The mage didn't look to be in the mood for pleasantries. "We have no way to get them out, assuming there is anyone alive down there. But you do," he told me.
It had the flavor of a command more than a request, especially in his deep baritone. But at the moment, I wasn't feeling picky. I didn't really believe anyone had survived that, wards or no. But I had to know for sure. "I can take only two people with me," I said.
"Me and Pritkin," Caleb said, extending his hand. I eyed it unhappily. I'd already taken one mage's hand tonight, and look where that had got me.

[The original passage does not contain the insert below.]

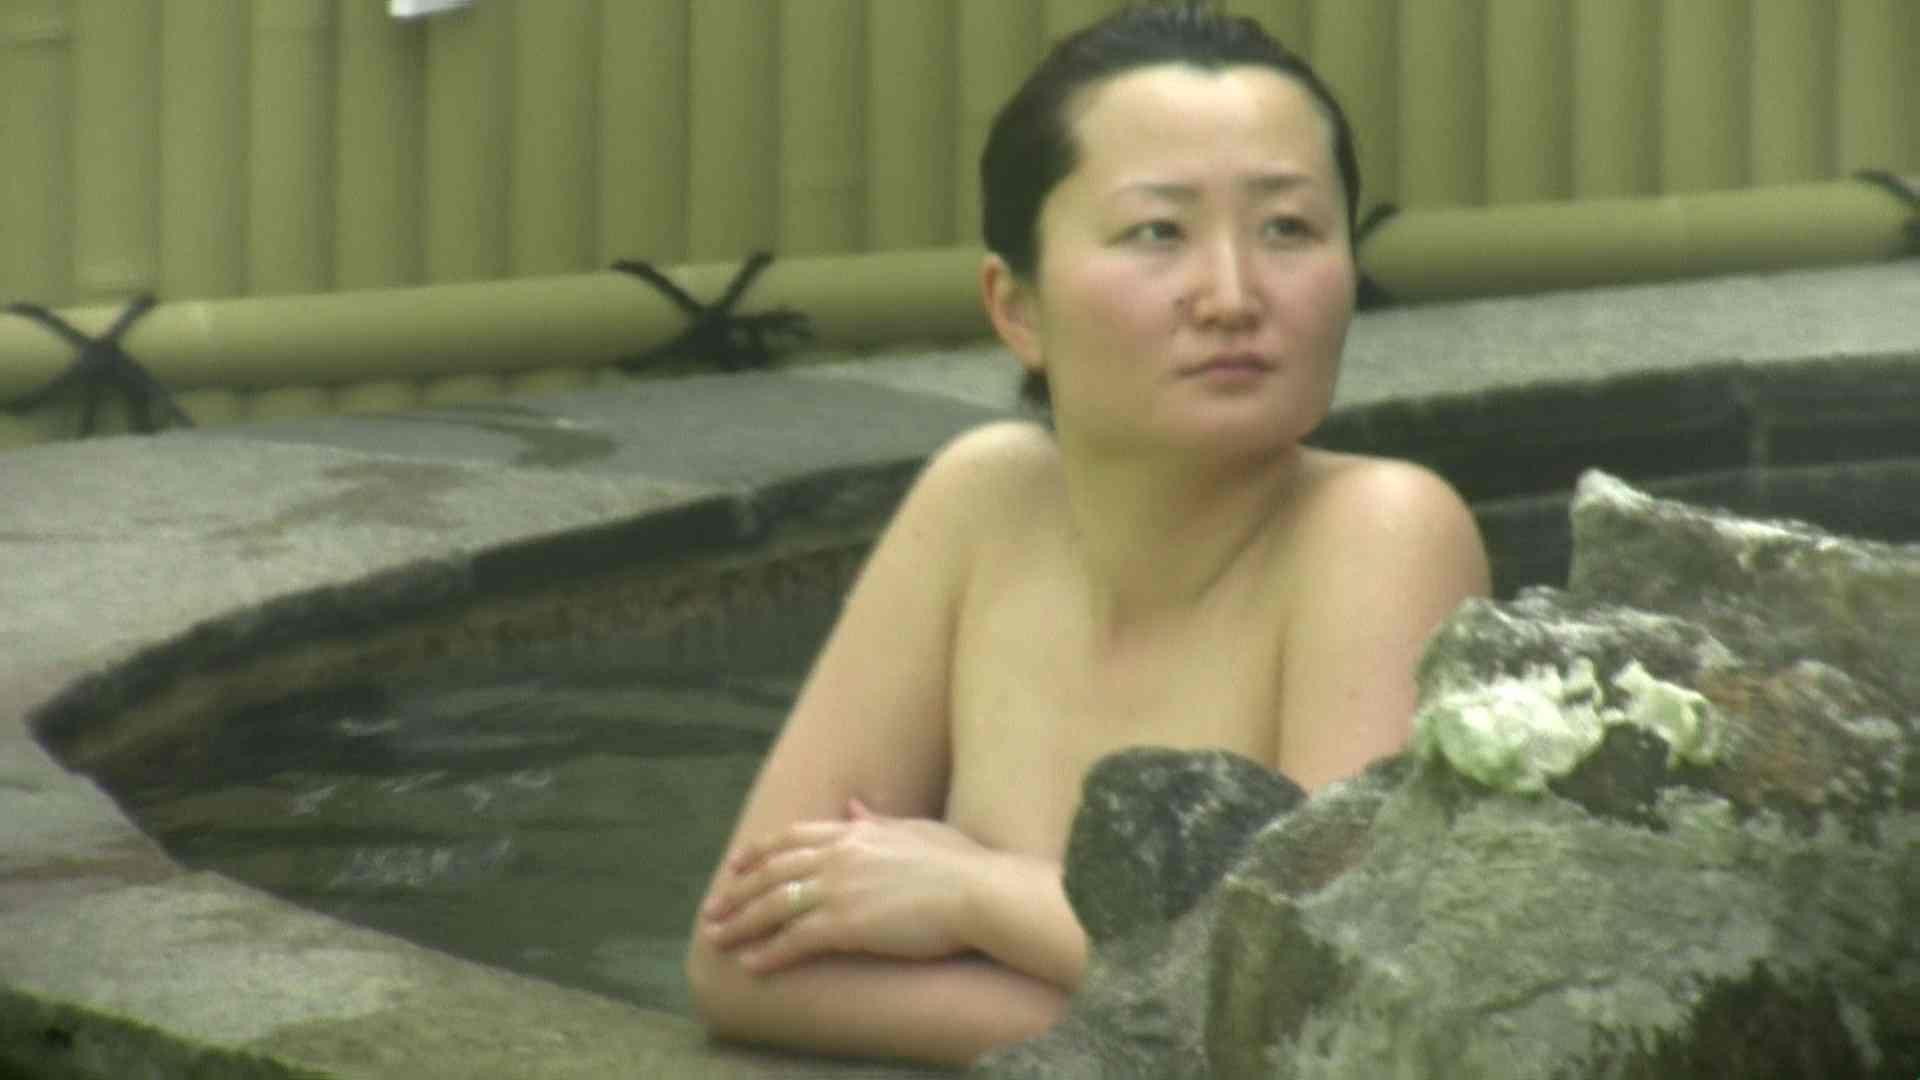 Aquaな露天風呂Vol.632 女体盗撮  75連発 48

Pritkin didn't say anything, letting me make the decision for once. Only there wasn't much of one to make. Whatever my feelings toward the Circle, right now, I needed the help. I took his hand. "Where to?" I asked Pritkin.
"How strong is your ward?"
"I think the ley line blew it out. Why?"
"That creates a problem," he said, glancing at the other mage.
"Don't look at me," Caleb said grimly. "The line all but fried me before I could get out of there, and what was left I expended shielding us from the debris. I'm done." There was a general round of agreement from the watchers. It looked like nobody had shields worth a damn.
"What difference does it make?" I demanded. The idea that there might actually be survivors had lodged in my head and was beating a frantic tattoo against my skull. I felt almost dizzy at the rapid shift of emotions—from disbelief to rage to numb horror to barely acknowledged hope—all in the space of maybe half an hour.
"We can't risk shifting in there without a ward," Pritkin said flatly. "MAGIC's shields may have held, but if not, we could find ourselves inside a landslide—"
"Then I'll shift us back out!"
"— or solid rock."
"We have to risk it!" Pritkin was usually the one pulling the crazy stunts. This was no time for him to learn caution.
"We can't." It sounded final.
"Watch me," I told him seriously.
"There is a difference between courage and foolhardiness! Dying yourself will not help—"
"And neither will standing here! Rafe deserves better than that from me. He'd give me better than that!"
Caleb looked confused. "Rafe?"
"Vampire," Pritkin said shortly.
"You'd risk your life for one of those things?" Caleb asked me, incredulous.
"Yeah. Too bad you don't have friends like that. But if they're all war mages, I can't say I'm surprised," I snapped.